■ **Work required**
Once the pictures are removed, restate the listing word for word.

■ **Information provided**
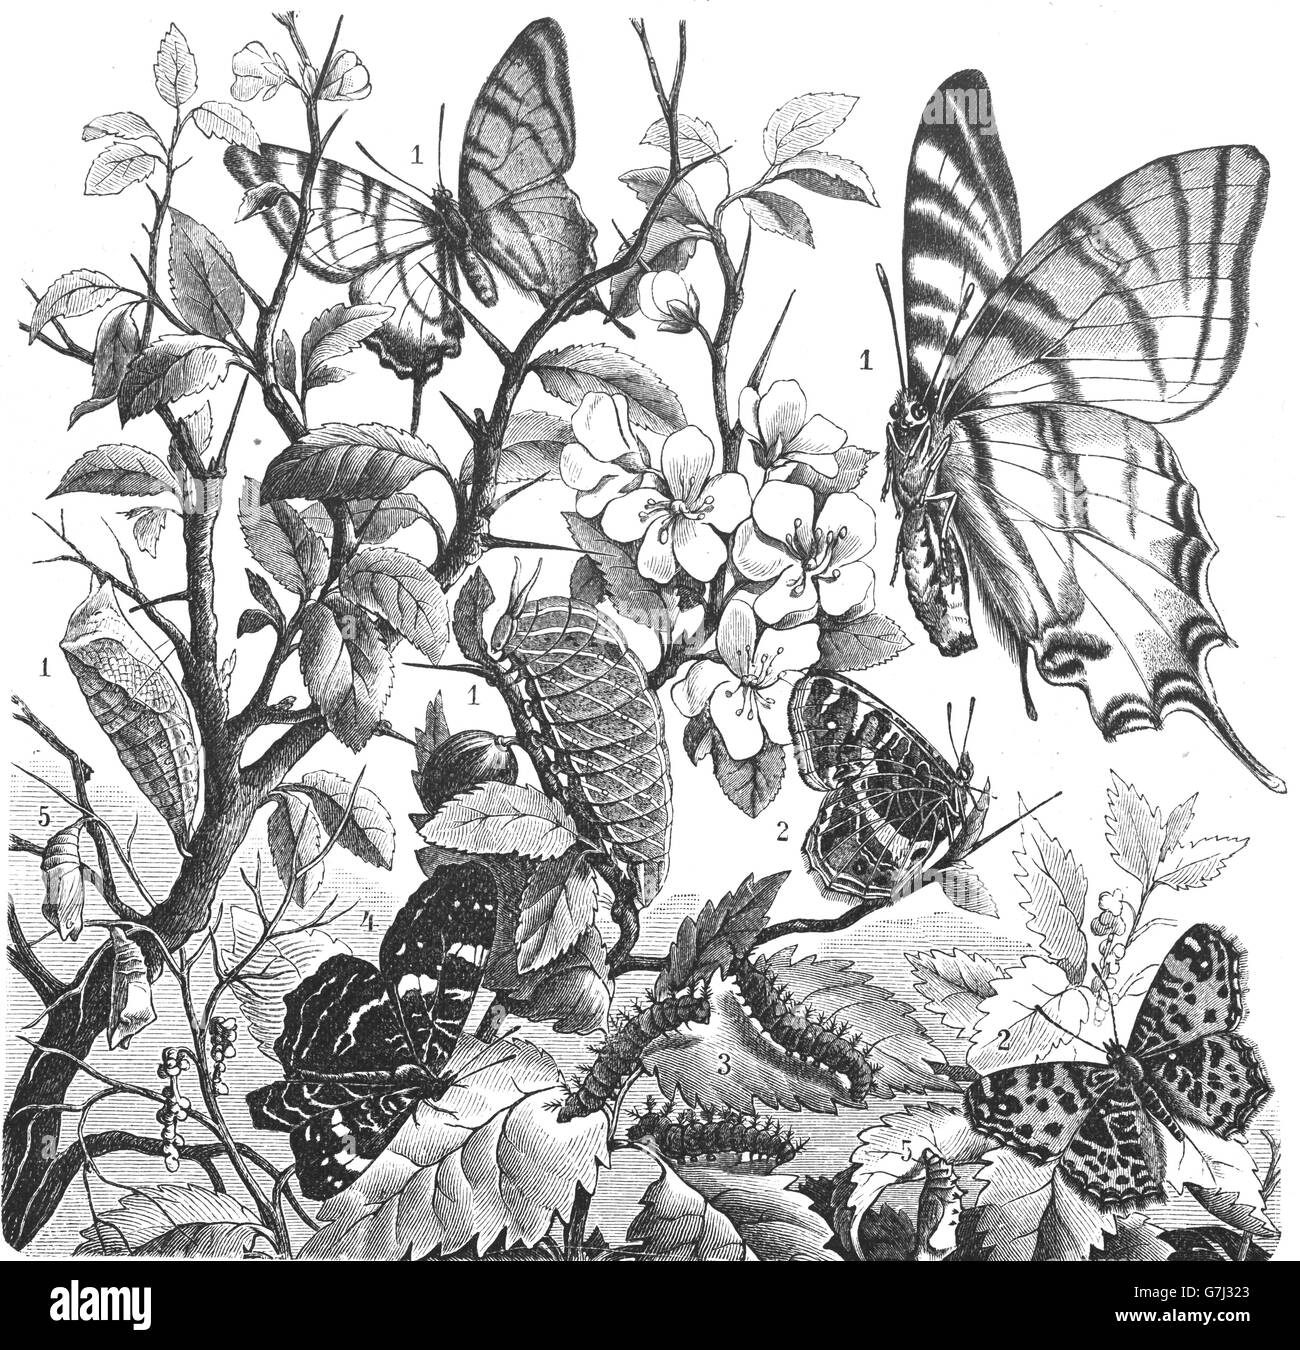 Knappen Schwalbenschwanz und Vanessa Levana Schmetterling, Illustration aus Buch datiert 1904 Stockfoto
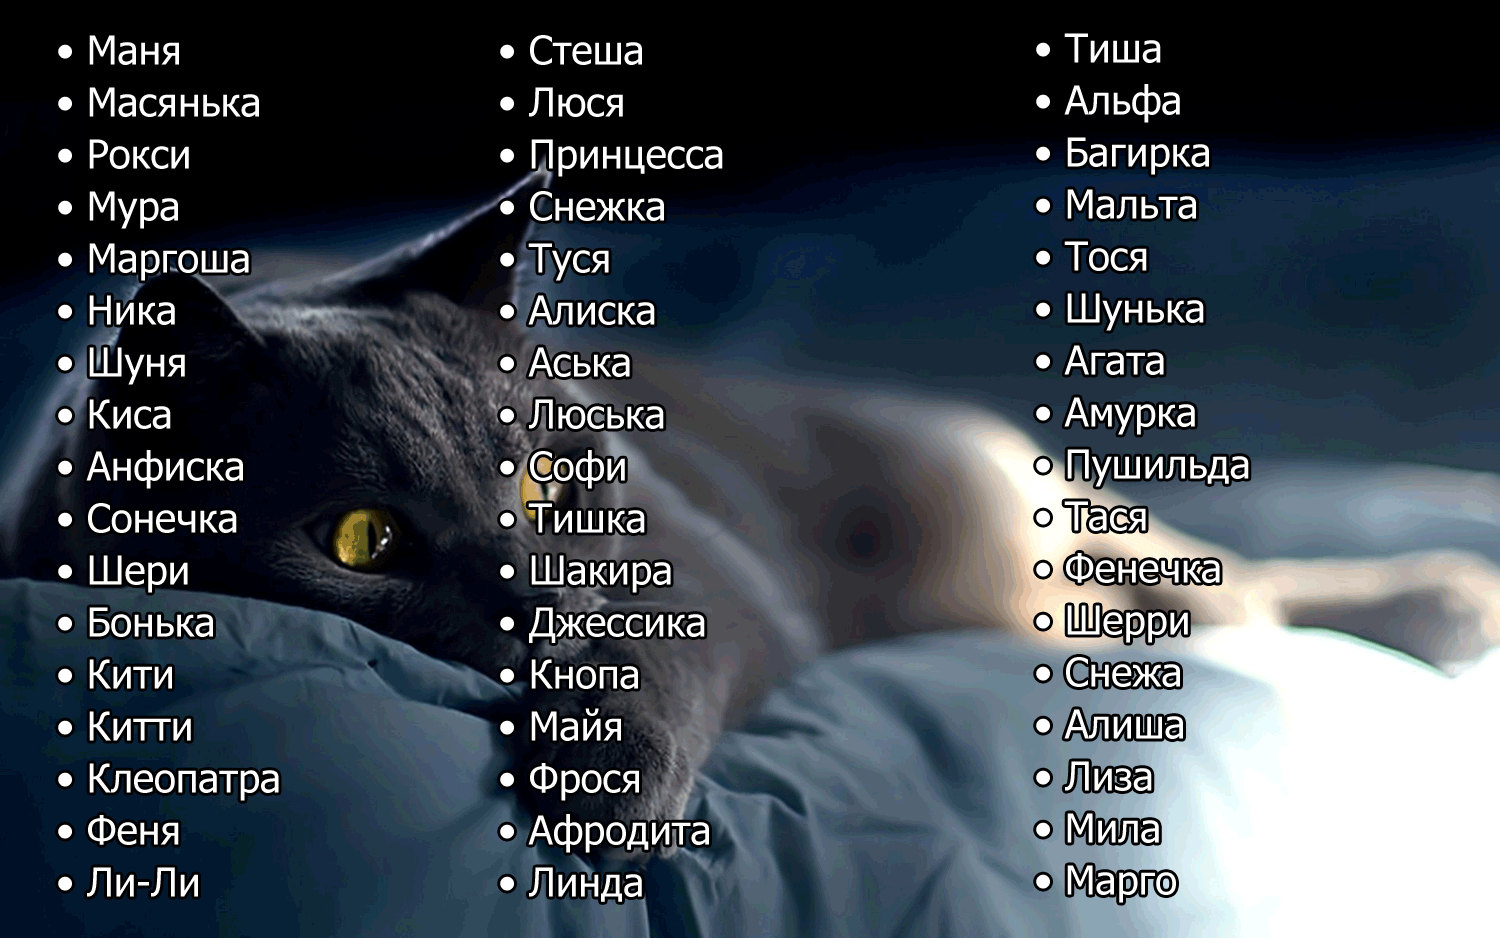 Красивые и редкие имена для кошек и котят девочек. список лучших имен русских, английских, японских, египетских для породистых и простых черных, серых, белых рыжих и трехцветных кошек девочек
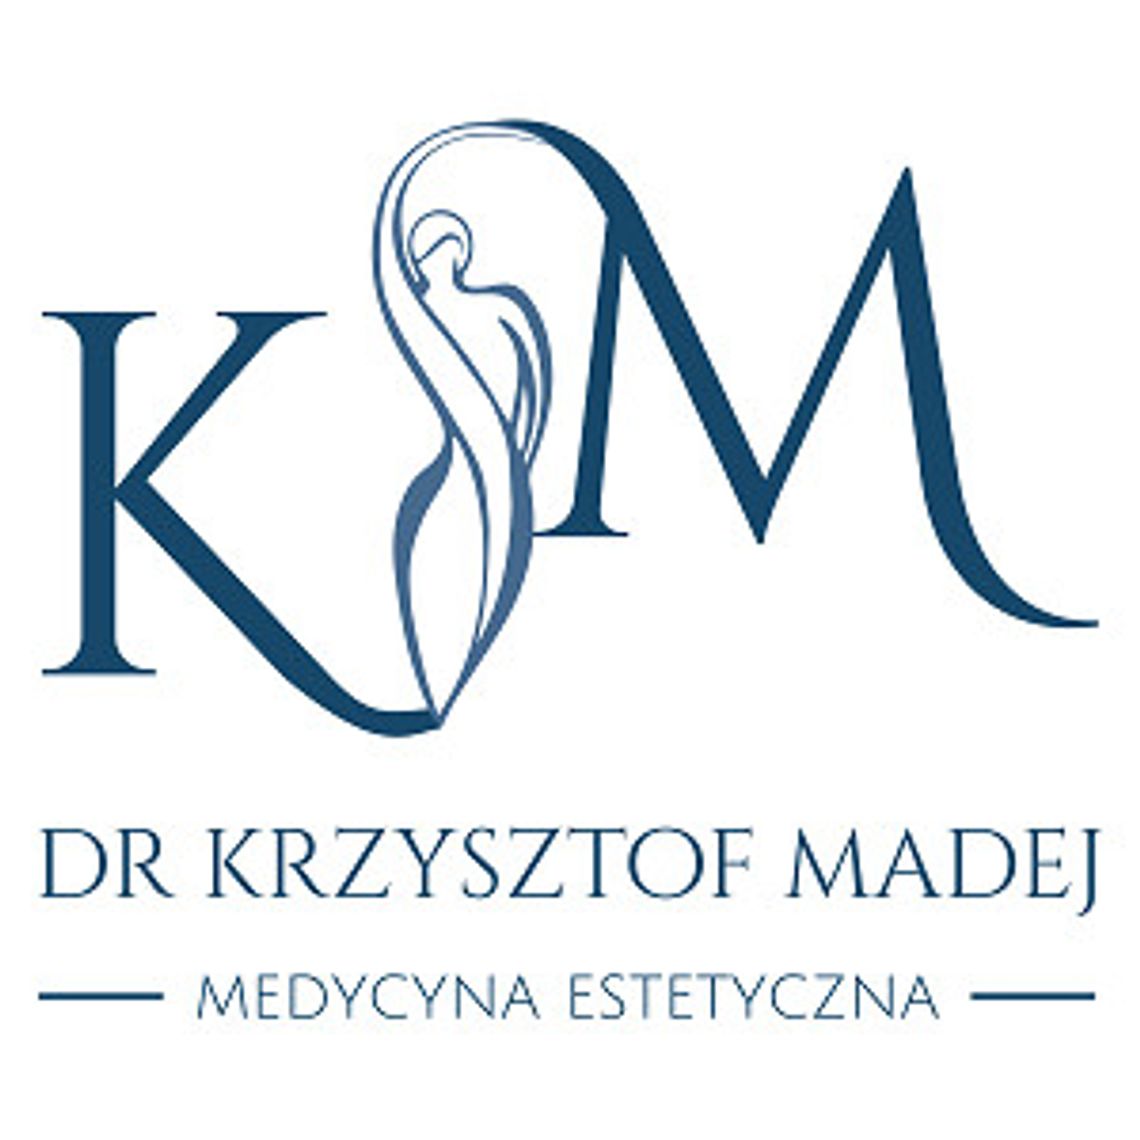 Lekarz medycyny estetycznej - Dr Krzysztof Madej 
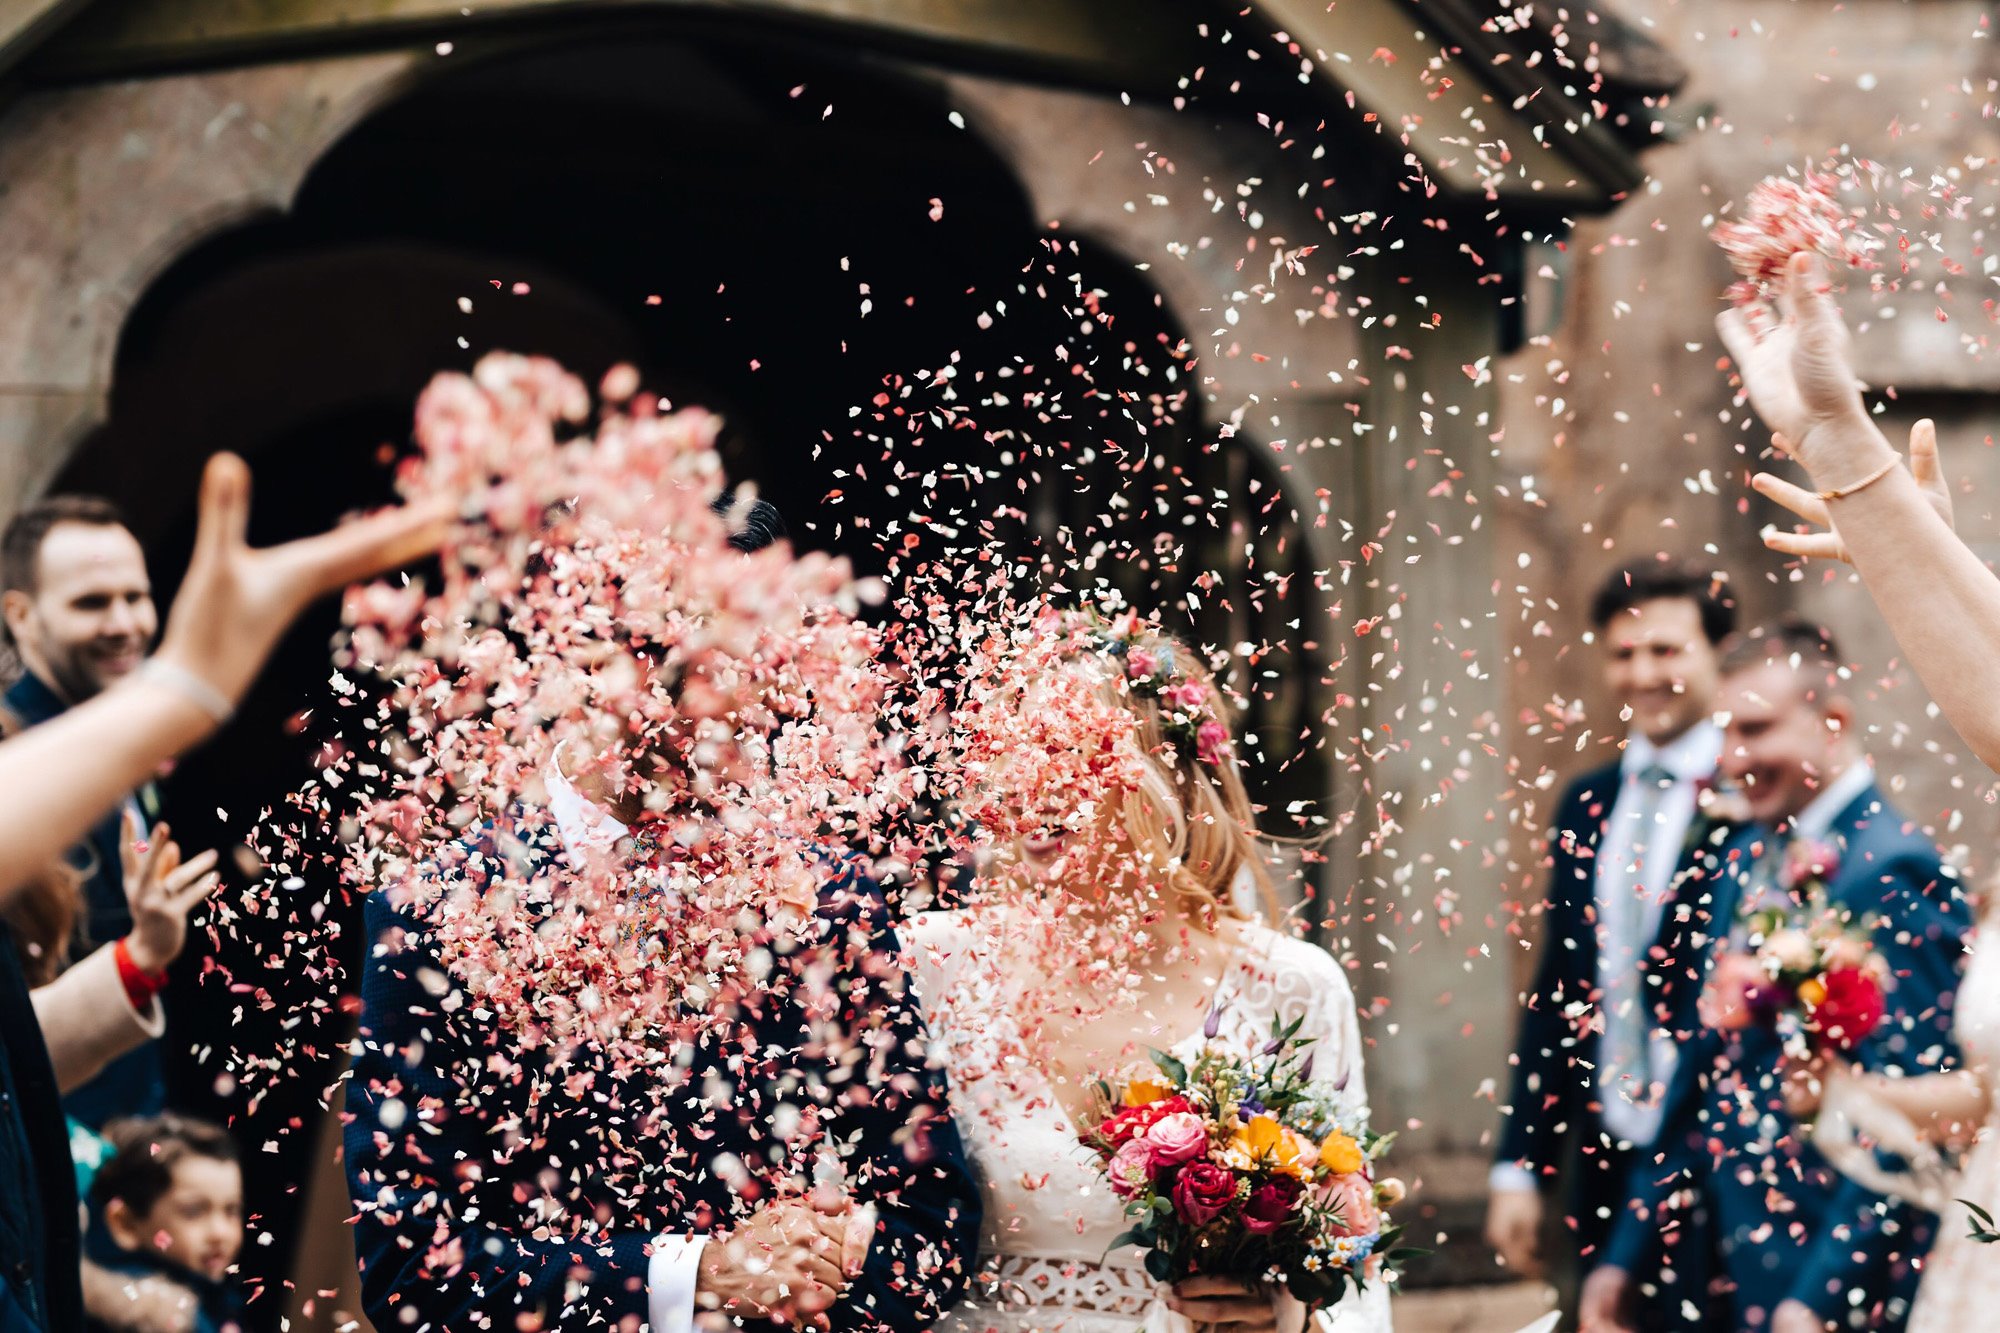 Fun Photographer's Top Tips For Epic Wedding Confetti Photos

■ **Exercise solution**
 Knappen Schwalbenschwanz und Vanessa Levana Schmetterling, Illustration aus Buch datiert 1904 Stockfoto
 Красивые и редкие имена для кошек и котят девочек. список лучших имен русских, английских, японских, египетских для породистых и простых черных, серых, белых рыжих и трехцветных кошек девочек
 Lekarz medycyny estetycznej - Dr Krzysztof Madej 
 Fun Photographer's Top Tips For Epic Wedding Confetti Photos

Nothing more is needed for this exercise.